Task description
Copy the final lines exactly, starting at the one that contains "gemischte Scrabble-Buchstaben Stockfoto" and ending with the last line of the listing below. Pictures are not part of the copy.

*** Collected data

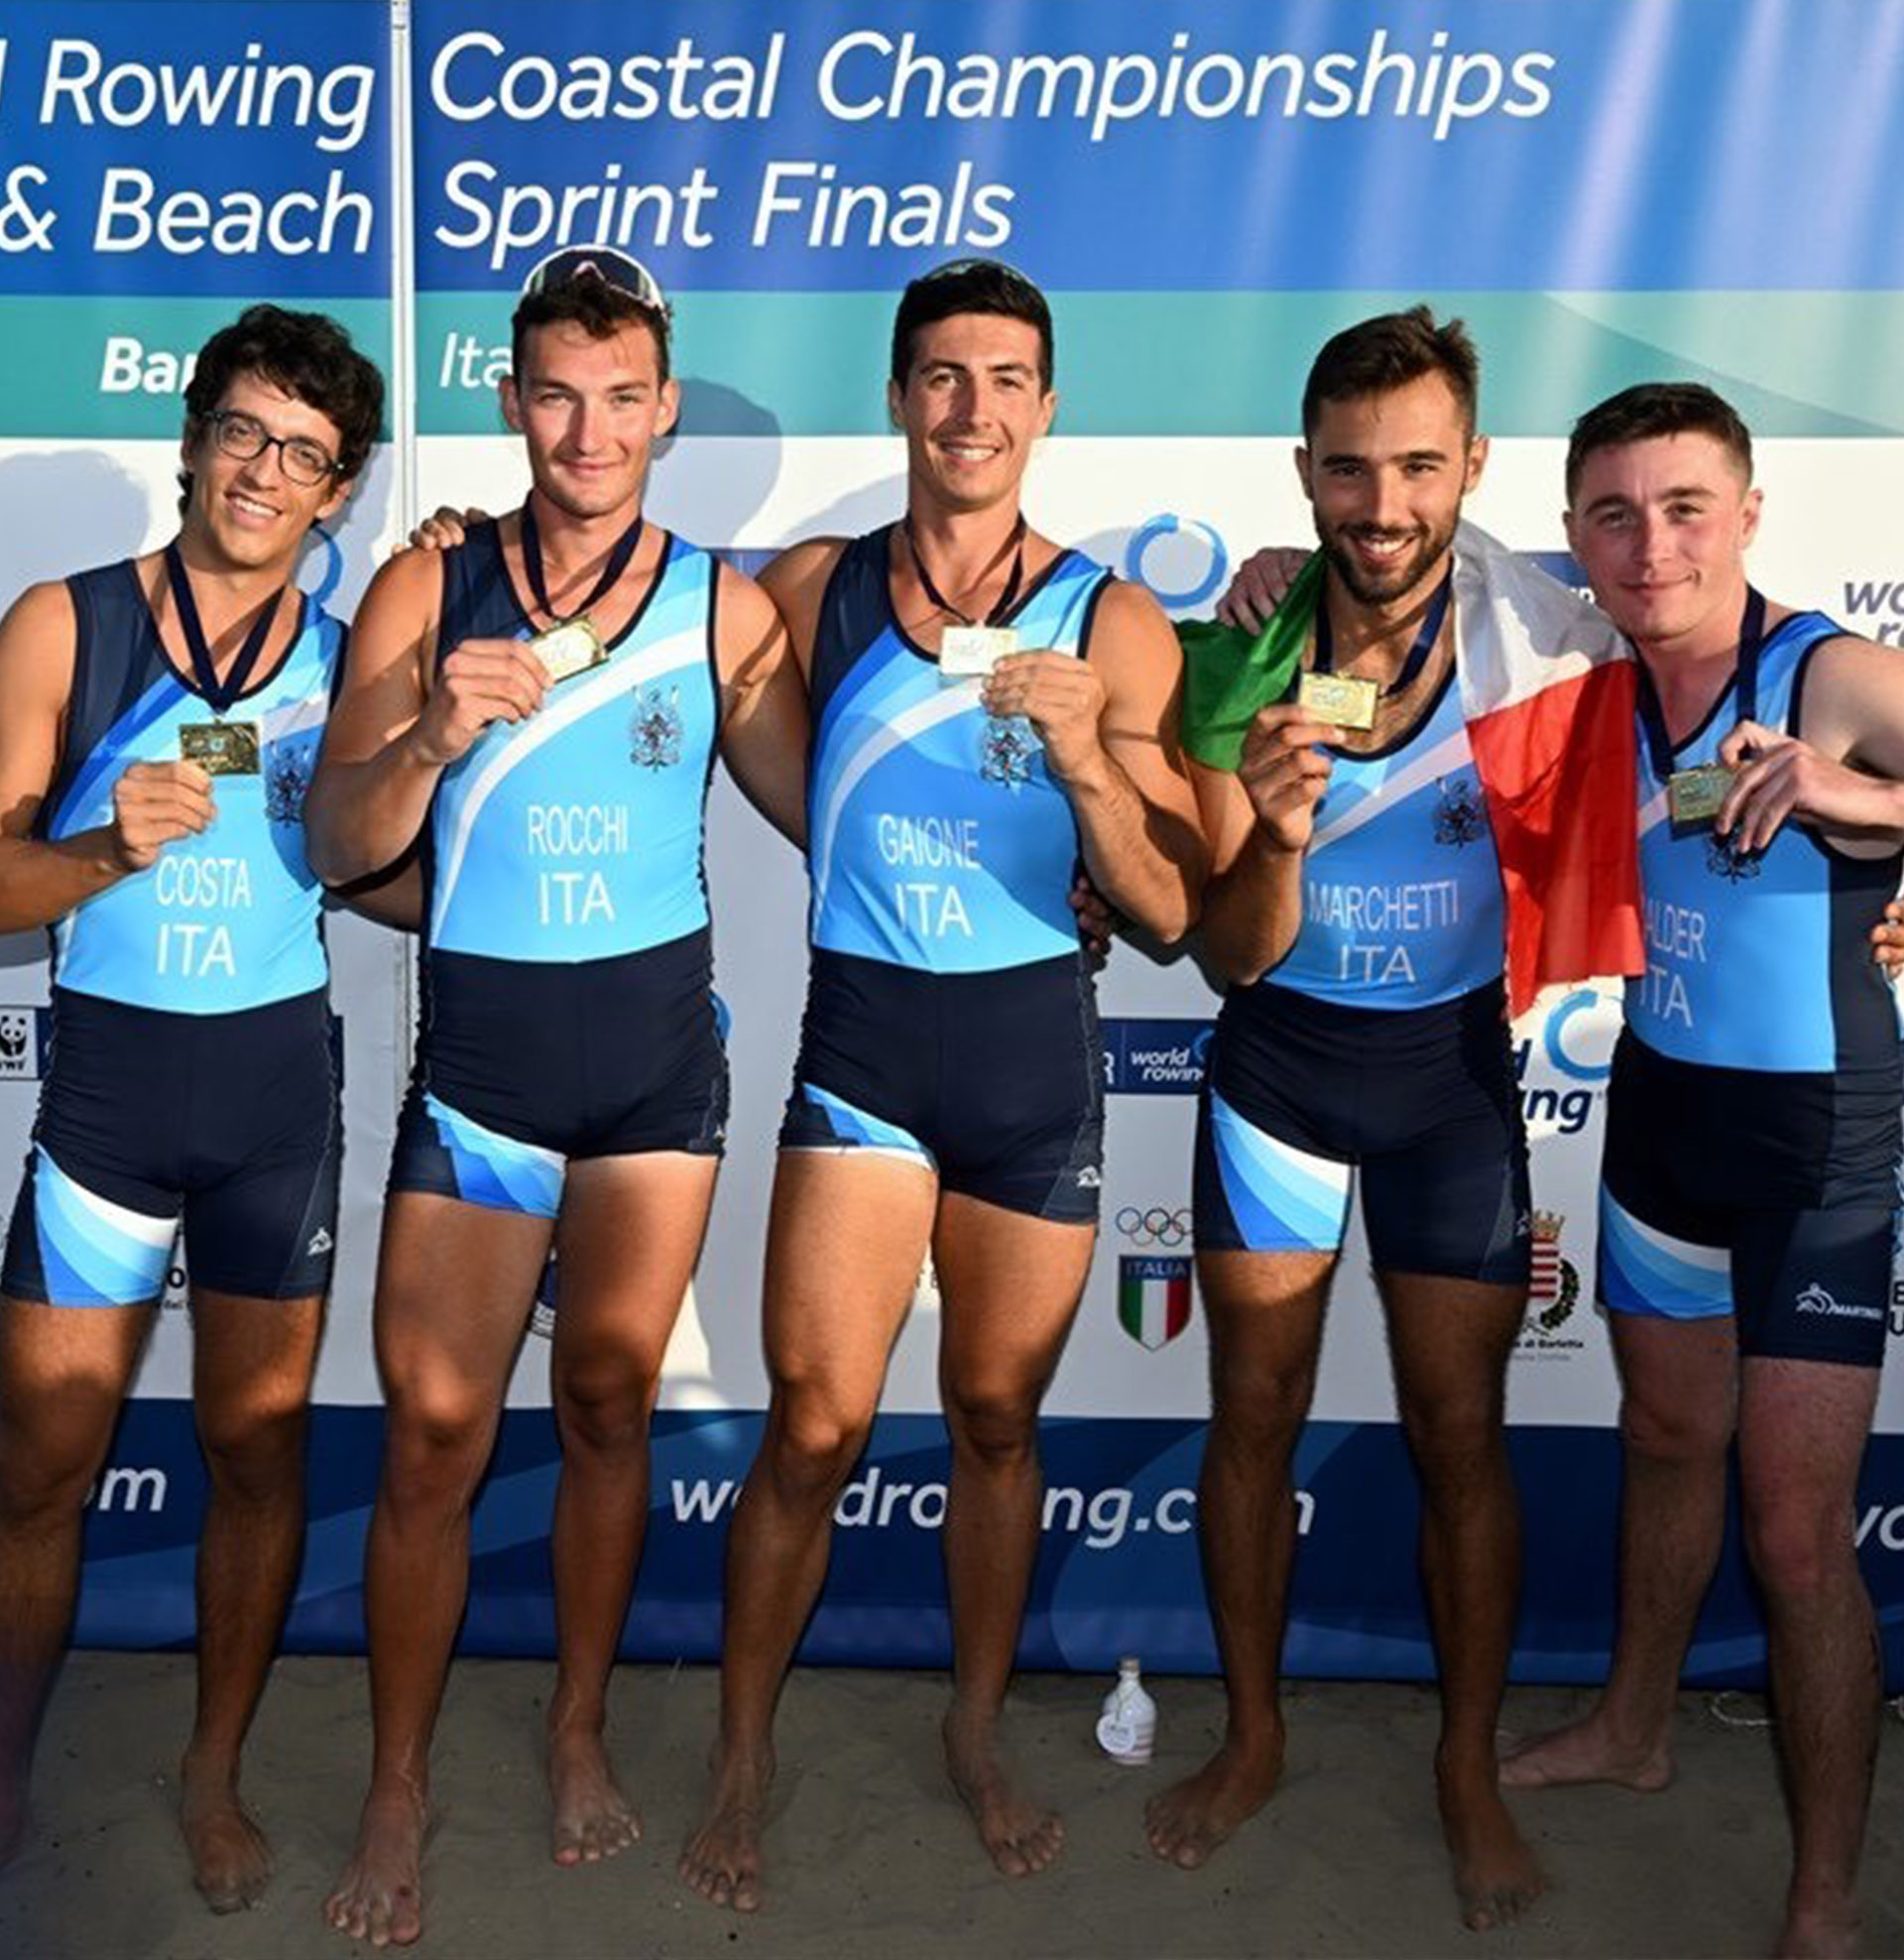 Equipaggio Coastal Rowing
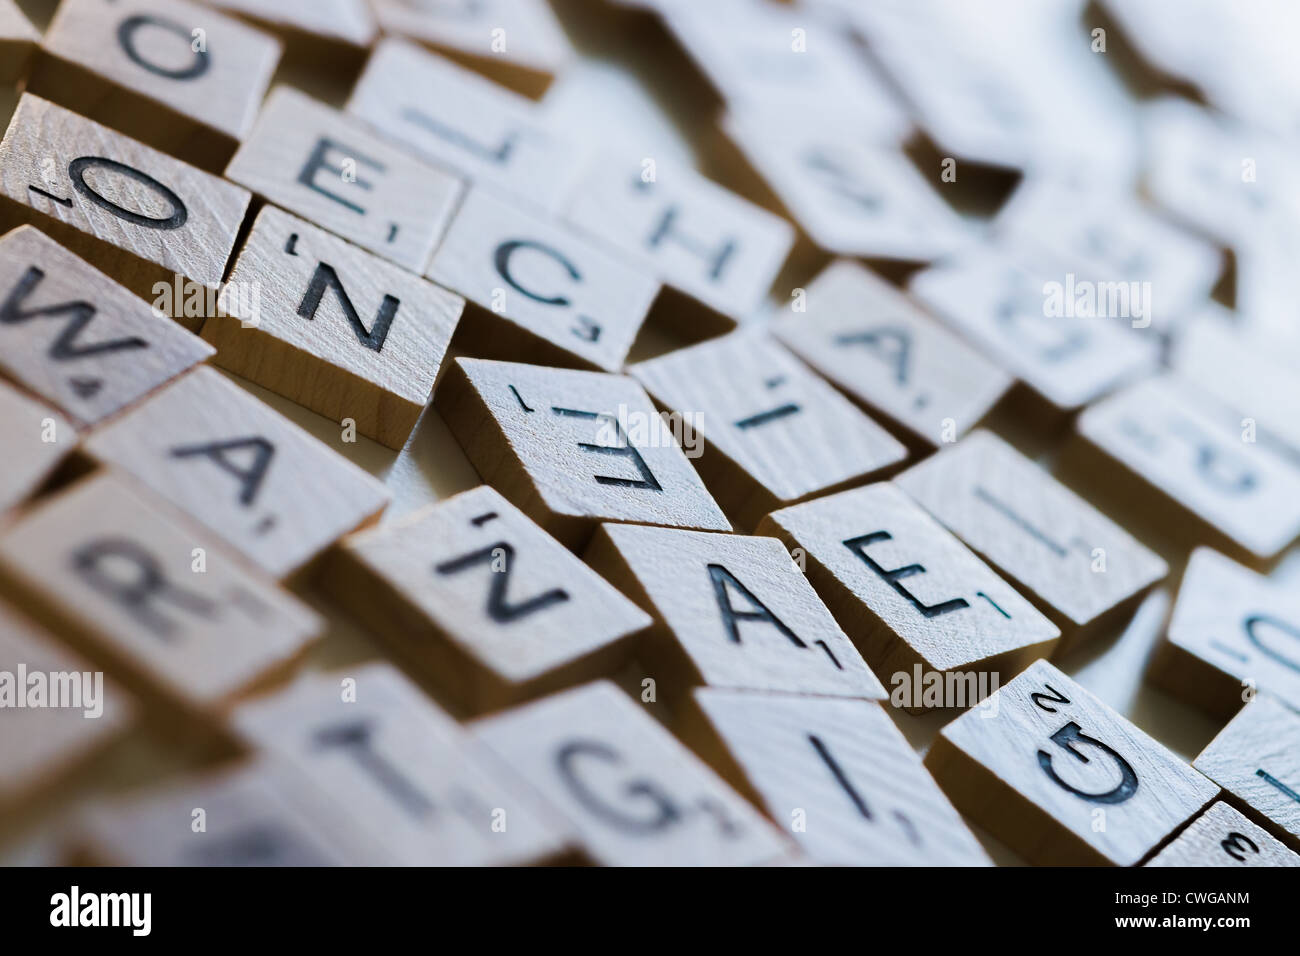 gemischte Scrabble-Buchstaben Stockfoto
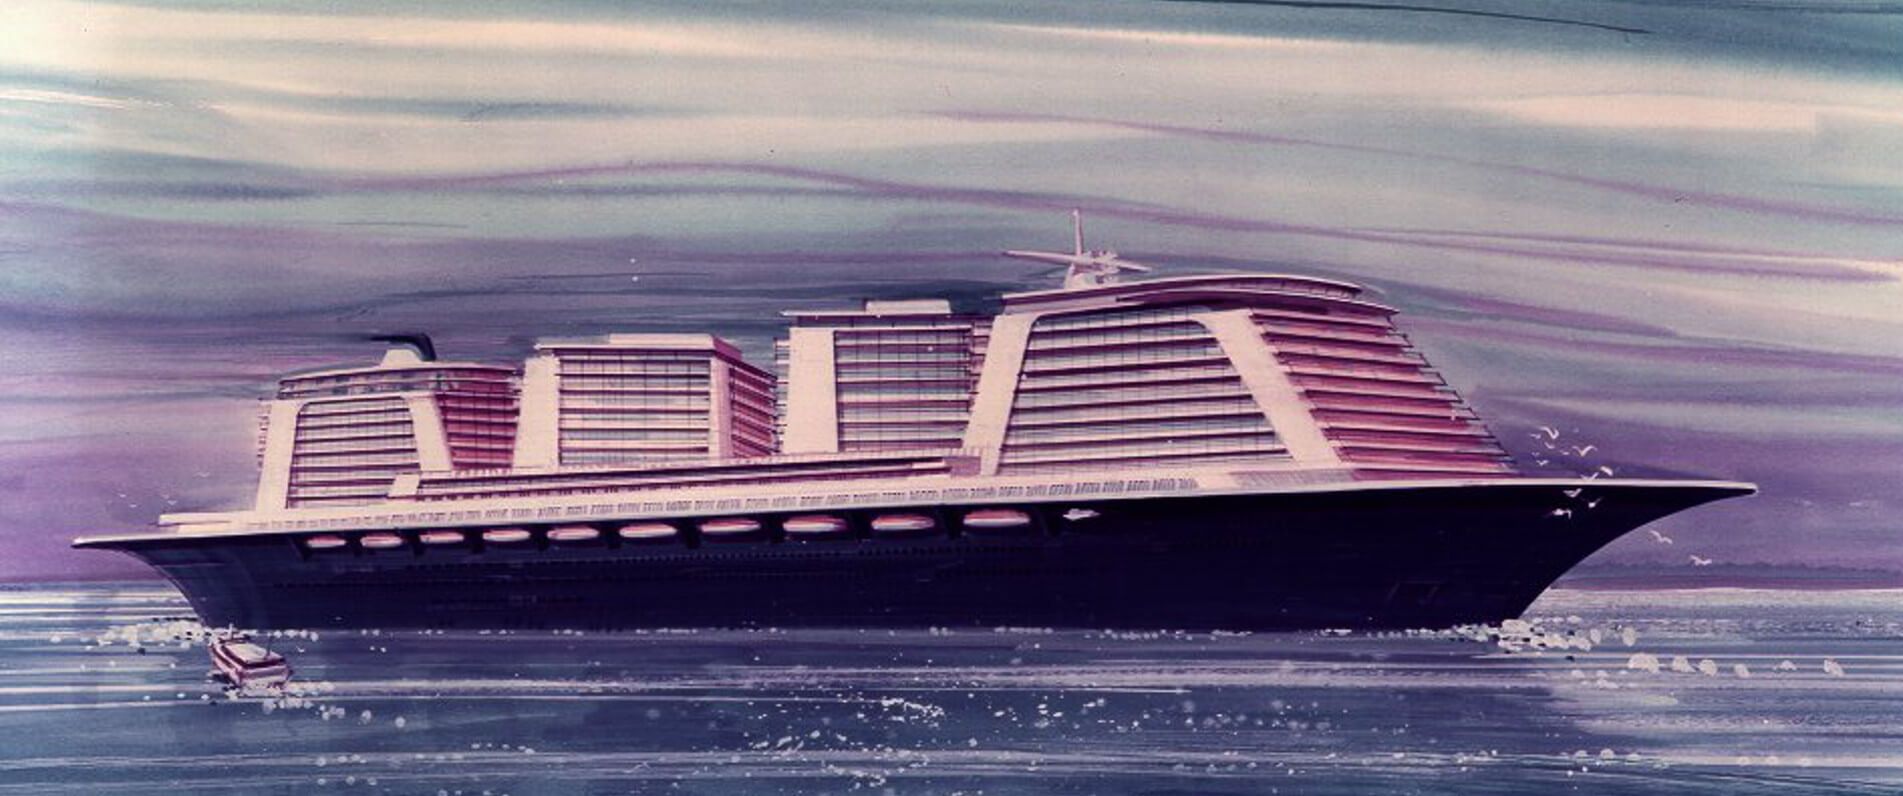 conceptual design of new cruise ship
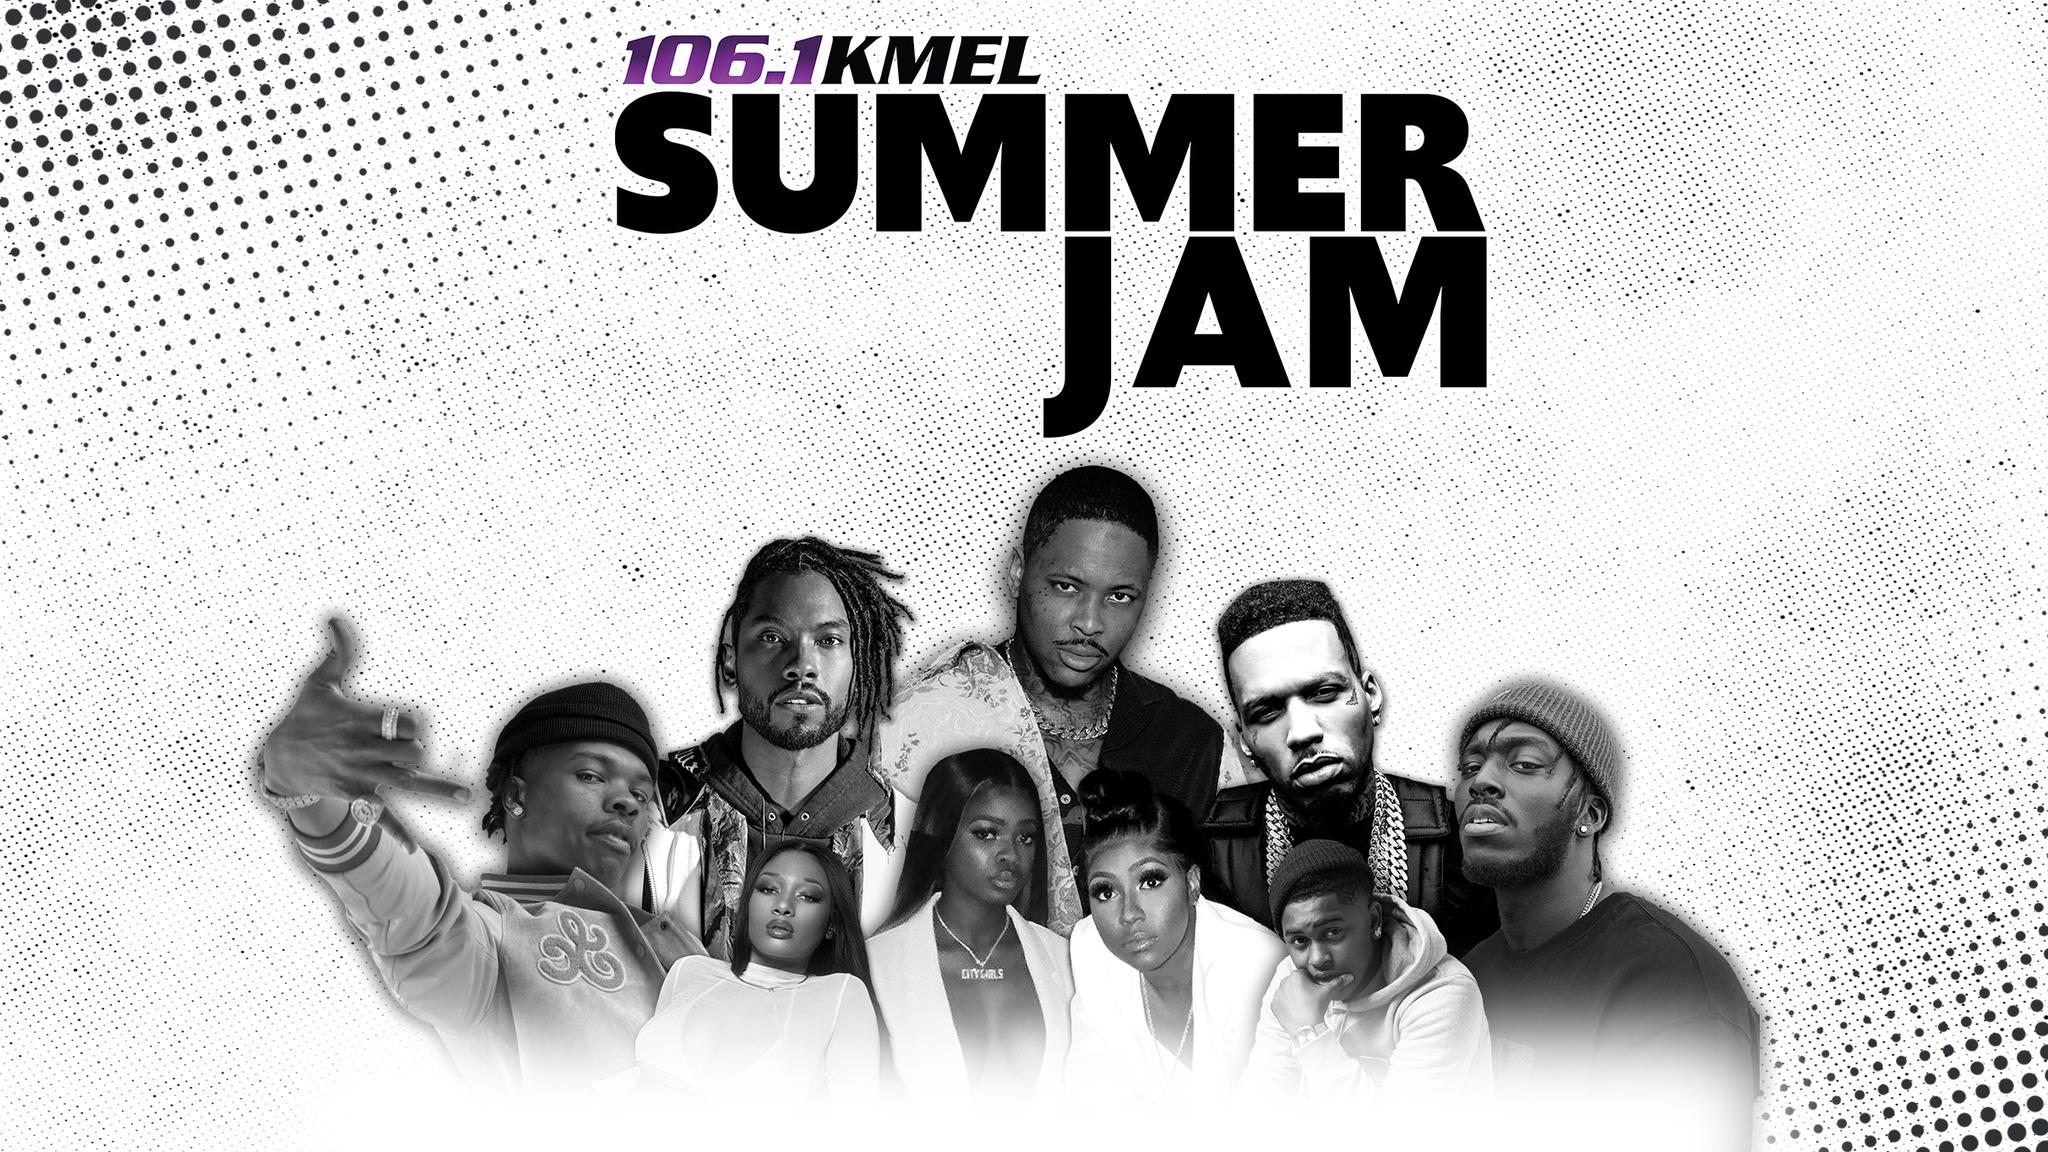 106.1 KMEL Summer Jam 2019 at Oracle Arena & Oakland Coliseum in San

******

Solution to this task
 gemischte Scrabble-Buchstaben Stockfoto
 conceptual design of new cruise ship
 106.1 KMEL Summer Jam 2019 at Oracle Arena & Oakland Coliseum in San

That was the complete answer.